Prehospital management of acute respiratory distress in suspected COVID-19 patients

Romain Jouffroy 1,, Sabine Lemoine 1, Clément Derkenne 1, Romain Kedzierewicz 1, Marine Scannavino 1, Kilian Bertho 1, Benoit Frattini 1, Frédéric Lemoine 1, Daniel Jost 1, Bertrand Prunet 1
PMCID: PMC7489263  PMID: 33036861

Abstract

Background

In December 2019, coronavirus disease (COVID-19) emerged in China and became a world-wide pandemic in March 2020. Emergency services and intensive care units (ICUs) were faced with a novel disease with unknown clinical characteristics and presentations. Acute respiratory distress (ARD) was often the chief complaint for an EMS call. This retrospective study evaluated prehospital ARD management and identified factors associated with the need of prehospital mechanical ventilation (PMV) for suspected COVID-19 patients.

Methods

We included 256 consecutive patients with suspected COVID-19-related ARD that received prehospital care from a Paris Fire Brigade BLS or ALS team, from March 08 to April 18, 2020. We performed multivariate regression to identify factors predisposing to PMV.

Results

Of 256 patients (mean age 60 ± 18 years; 82 (32%) males), 77 (30%) had previous hypertension, 31 (12%) were obese, and 49 (19%) had diabetes mellitus. Nineteen patients (7%) required PMV. Logistic regression observed that a low initial pulse oximetry was associated with prehospital PMV (ORa = 0.86, 95%CI: 0.73–0.92; p = 0.004).

Conclusions

This study showed that pulse oximetry might be a valuable marker for rapidly determining suspected COVID-19-patients requiring prehospital mechanical ventilation. Nevertheless, the impact of prehospital mechanical ventilation on COVID-19 patients outcome require further investigations.

1. Introduction

Coronavirus disease (COVID-19) is currently spreading freely worldwide, after the first cases described in Asia in late 2019 [[1], [2], [3], [4]]. On March 11th, 2020, the World Health Organization (WHO) declared COVID-19 a pandemic [5]. Despite worldwide COVID-19 affected over 2 million patients, the overall mortality rate remains low around 765,000 deaths [[6], [7], [8], [9]], at this time of writing. COVID-19 is caused by an infection with severe acute respiratory syndrome coronavirus-2 (SARS-CoV-2), and it presents in various clinical manifestations [10]. Although most infections are not serious, 25% of cases are life-threatening [6]. Among these, the respiratory form is the most severe, because it presents as acute respiratory distress (ARD) without clinical signs. Typically, respiratory presentations of COVID-19 may be various and it often present different degrees of hypoxia and hypoxemia, which require in-hospital admissions to the emergency department (ED), a special ward, or an intensive care unit (ICU).

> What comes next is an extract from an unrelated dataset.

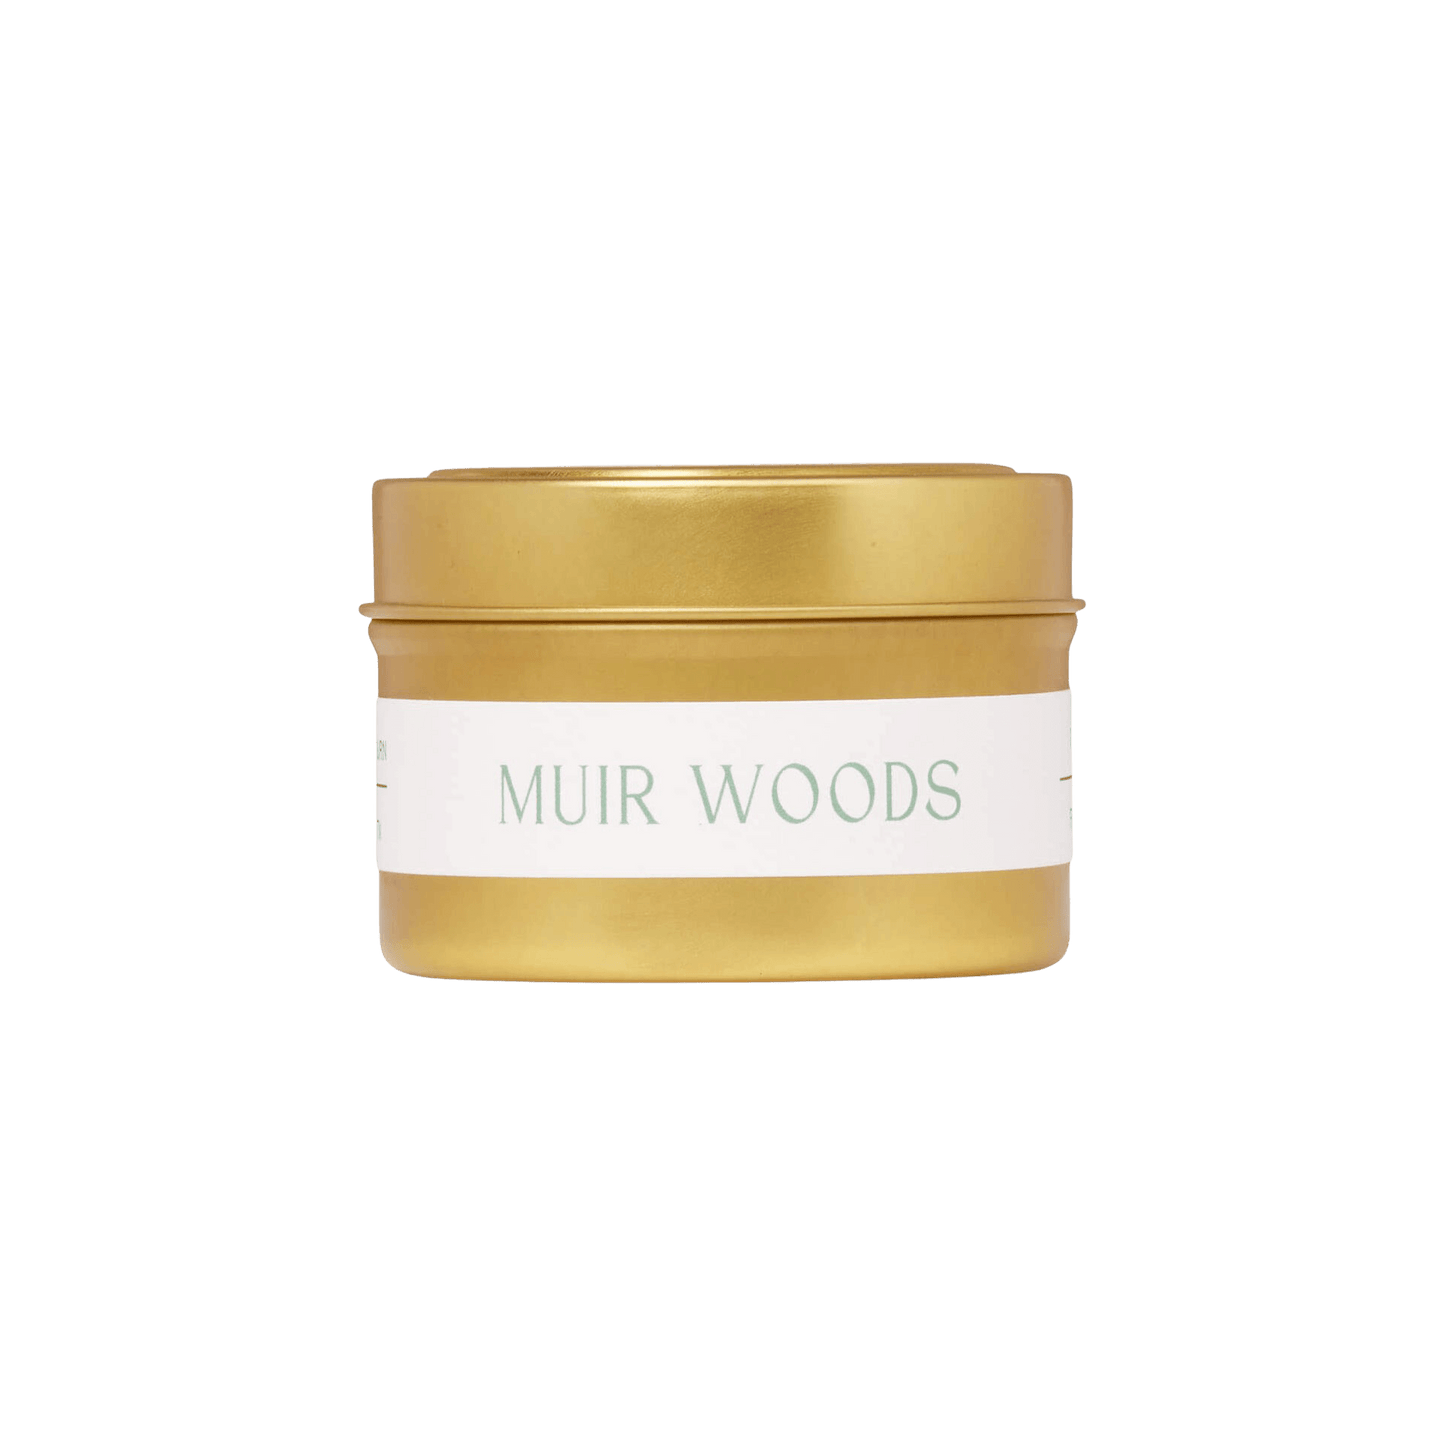 Muir Woods travel candle - the roosevelts candle co

In the prehospital setting, we previously reported that dyspnea was the main symptom required for dispatching the Paris Fire Brigade prehospital emergency service [11]. Due to the pandemic status of COVID-19, there is a gap between patient needs (i.e., severe COVID-19 ARD, which requires support ventilation) and medical resources (medical ventilator devices). Consequently, it is important to understand the prehospital clinical characteristics of COVID-19 and the management of patient flow after the prehospital setting.

This study aims to describe the prehospital management of ARD related to COVID-19 and to identify factors associated with the need of prehospital mechanical ventilation (PMV) for suspected COVID-19 patients.

2. Methods

2.1. Design, setting, and participants

This retrospective observational study included all patients over 18 years old that required intervention by a Paris Fire Brigade team (BLS and/or ALS) between March 08 and April 18, 2020, due to ARD related to suspected COVID-19 accord to the world health organization (WHO) definition [12]. No exclusion criteria were applied. ARD was defined as the presence of a constellation of symptoms suggestive of COVID-19, dyspnea and/or a requirement for oxygen supplementation, based on initial prehospital pulse oximetry. Suspicion of COVID-19 was based on the latest WHO definition [12].

The prehospital Paris Fire Brigade emergency medical system is a 2-tiered response system: the BLS tier is served by 200 teams of 3–5 rescuers deployed in 77 stations; the ALS tier is served by 7 ambulance teams comprising an emergency physician, a nurse, and a driver [13]. The prehospital Paris Fire Brigade ALS team utilizes a prehospital mobile ICU equipped with medical devices and drugs, which enables the initial management of primary organ deficiencies (neurological, respiratory, and cardiovascular) [14]. ALS team physicians can perform echography and blood gas analyses in the prehospital setting. Upon assessing an emergency call, the dispatch center operator might decide to send a BLS team, an ALS team, or both teams at the same time, based on the clinical history and symptoms reported by the patient, the relatives, or a witness. Once rescue teams have arrived at the scene and the emergency physician has examined the patient, the patient can either remain at the scene or be transported for admission to the ED or directly to the ICU, depending on the status of critical organs. In addition, the ED and the ICU might not be located in the same hospital; in those cases, the dispatch center physician must notify the appropriate hospital department and communicate approval to the teams on site. Transport to the hospital is then carried out, either by a BLS team, for ED admissions, or an ALS team, for ICU or ED admissions, at the discretion of the emergency physician. In Paris, the particularity is that there is another prehospital emergency medical service, the SAMU [14]. Briefly, SAMU is an emergency medical system also based on a 2-tiered response system. The BLS tier is served by ambulances of 3 rescuers whereas the ALS tier is based on served by 7 ambulance teams comprising an emergency physician, a nurse, and a driver [14]. Parisian prehospital emergency services, SAMU and Paris Fire Brigade, are interconnected and daily work together.

2.2. Data collection

Data were collected from prehospital medical observation records; initial, e.g. at the first contact, vital sign values (blood pressure, heart rate, respiratory rate, pulse oximetry, body core temperature) were used for statistical analysis. We collected data on epidemiological variables, clinical symptoms (respiratory, gastrointestinal, anosmia, fever), point-of-care testing (blood lactate, myocardial enzymes, and glucose levels, blood gas, and ultrasonography), vasopressor treatment, and the immediate outcome (mode of respiratory support and mode of transportation to the hospital).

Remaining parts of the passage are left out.